A cluster formula is a variable-disjoint union of so-called hitting formulas; any two clauses of a hitting formula clash in at least one literal. The known polynomial time algorithm for computing the number of models of a hitting formula can be extended in a straight-forward way to compute the number of models of a cluster formula.

Clash is later clarified/defined as:

We consider propositional formulas in conjunctive normal form (CNF), represented as sets of clauses. That is, a literal is a (propositional) variable $x$ or a negated variable $\overline{x}$; a clause is a finite set of literals not containing a complementary pair $x$ and $\overline{x}$; a formula is a finite set of clauses. For a literal $ℓ = \overline{x}$ we write $\overline{ℓ} = x$; for a clause $C$ we set $\overline{C} = \{ \overline{ℓ} : ℓ ∈ C \}$. We say that two clauses $C$, $D$ overlap if $C ∩ D \neq ∅$; we say that $C$ and $D$ clash if $C$ and $\overline{D}$ overlap. Note that two clauses can clash and overlap at the same time. [...] A formula is a hitting formula if any two of its clauses clash (see [17]). A cluster formula is the variable-disjoint union of hitting formulas [...]
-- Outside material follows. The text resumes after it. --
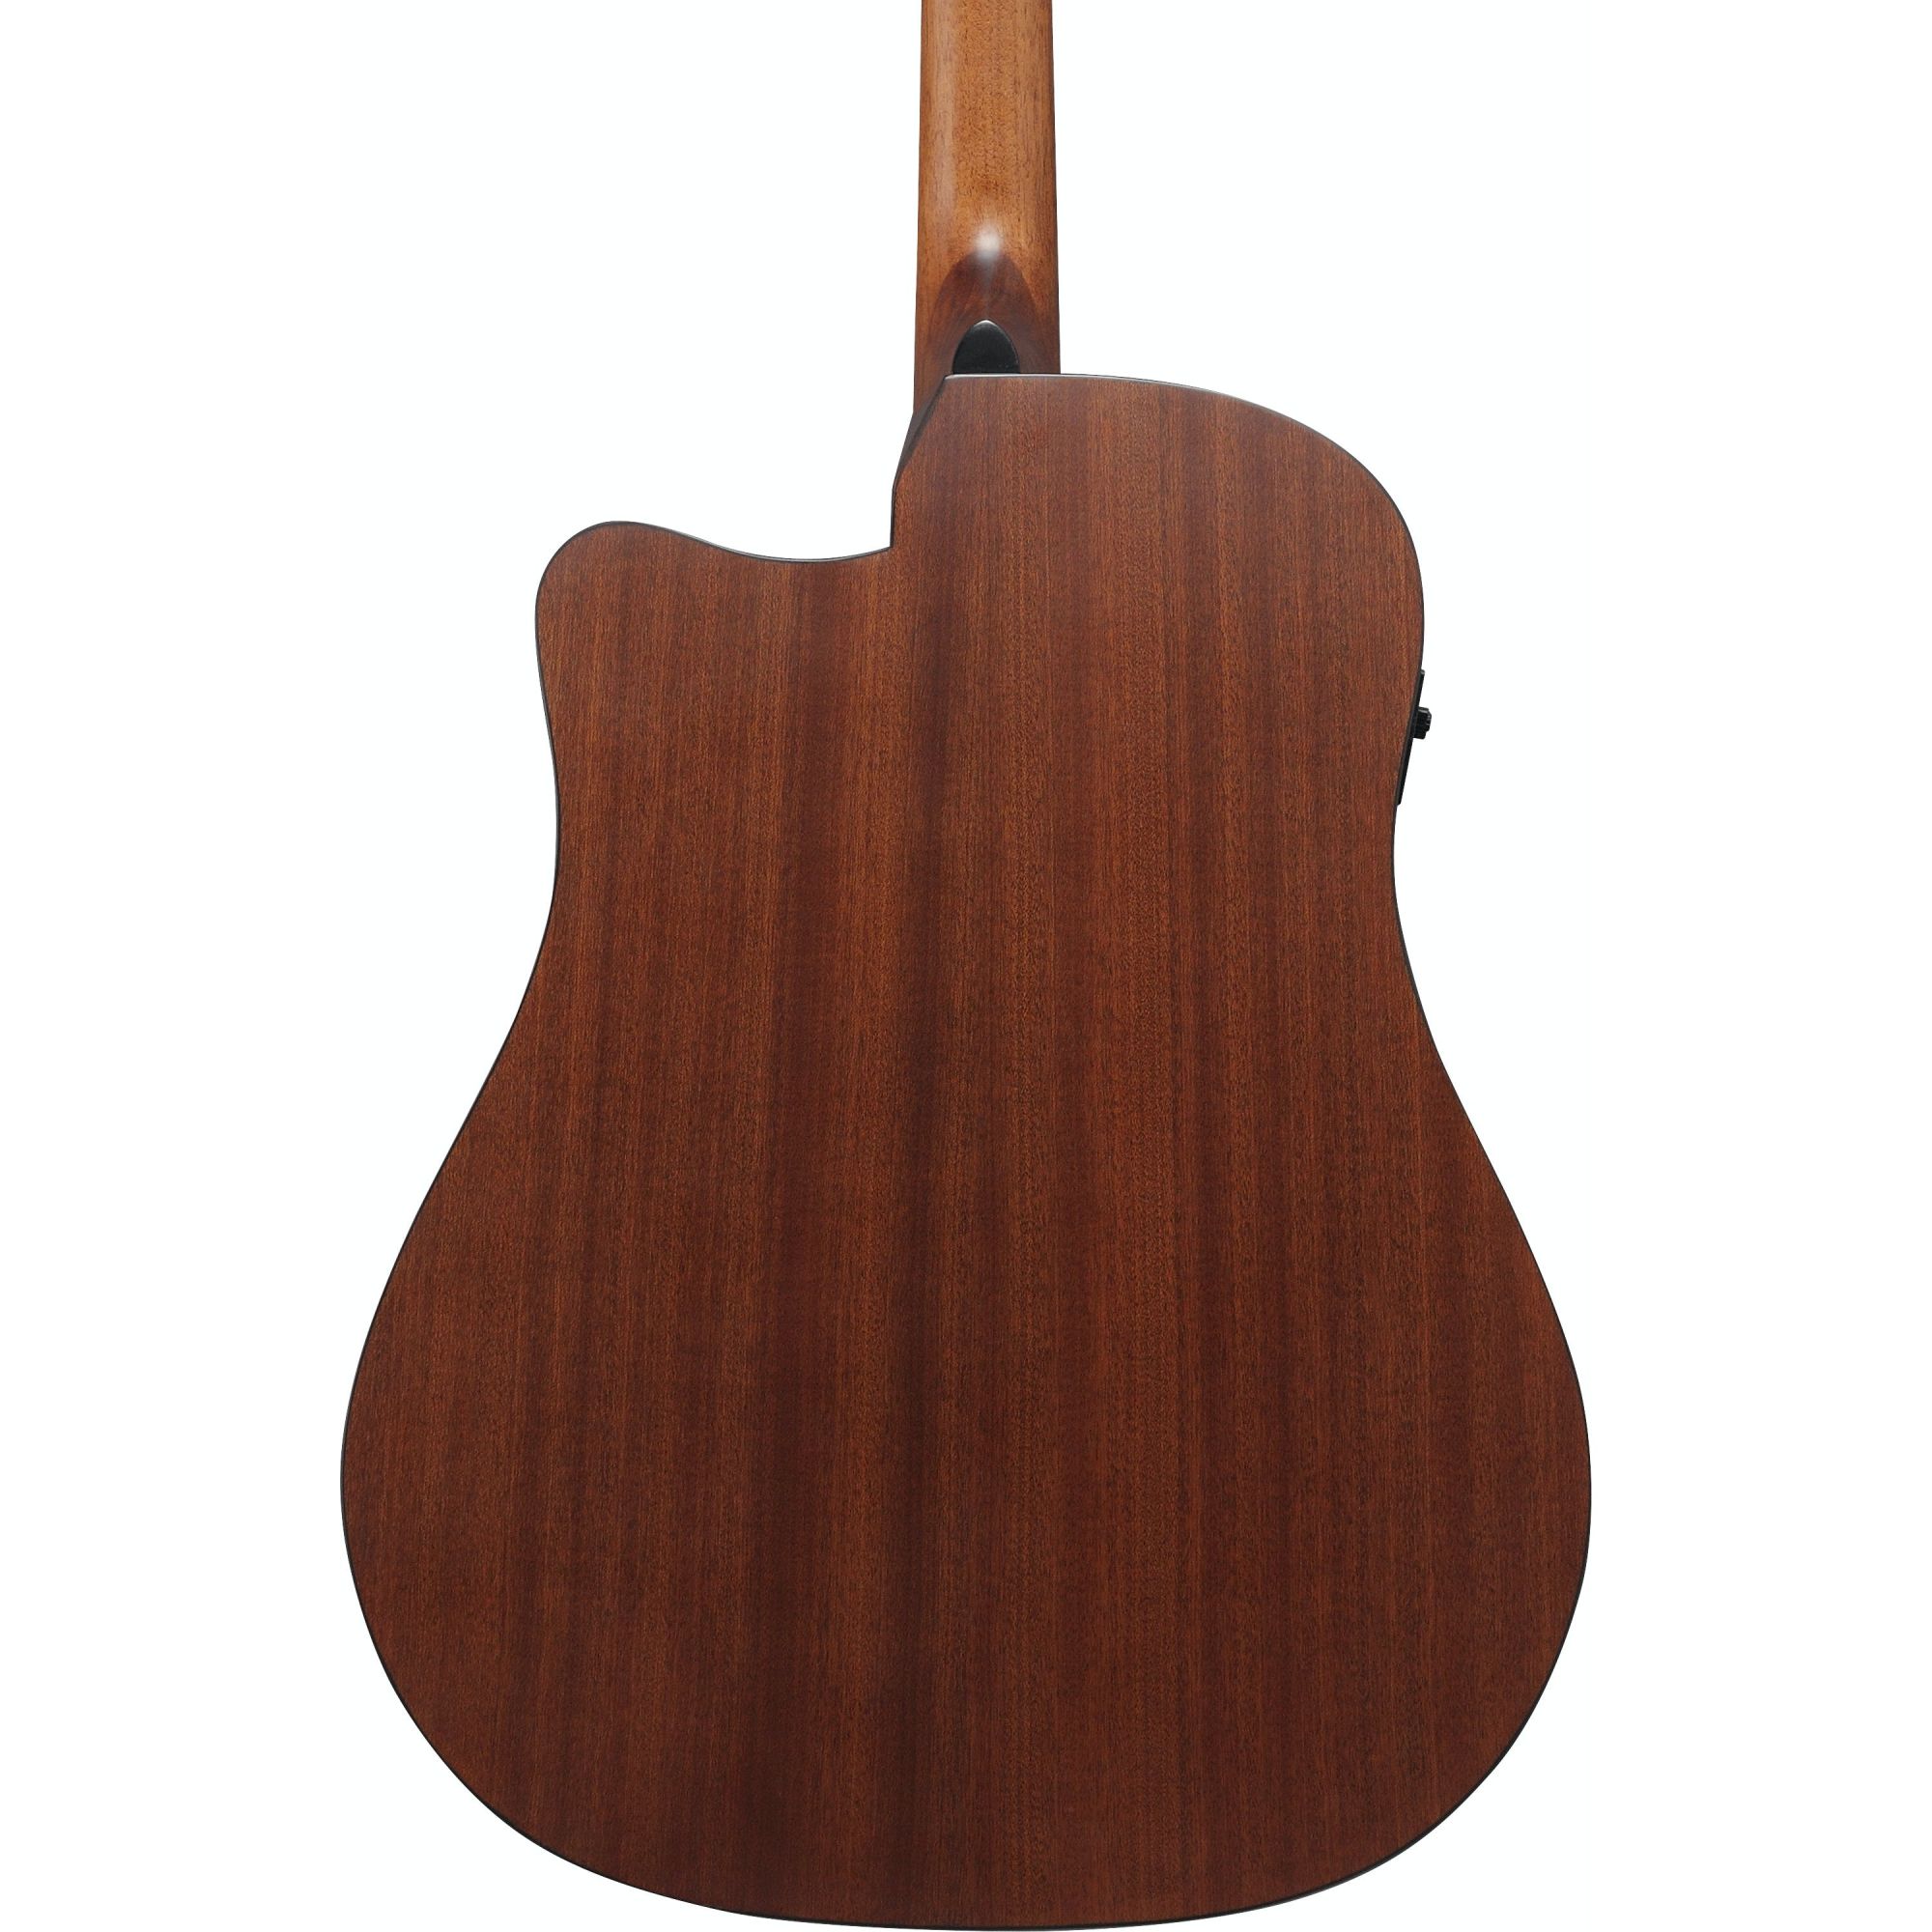 Ibanez AAD50CE Advanced Acoustic-electric Guitar - Natural Online price in India

Lemma 3. #SAT can be solved in polynomial time for cluster formulas.

So their cluster formula seems to be exactly what you have defined.

There's also a journal version that paper, it seems; the result is (not surprisingly) also mentioned in a 2011/2012 survey paper "Backdoors to satisfaction" on which Szeider is a co-author, and which was published in some festschrift My first instinct that this was a more suitable question on cstheory.SE was perhaps not wrong. :-)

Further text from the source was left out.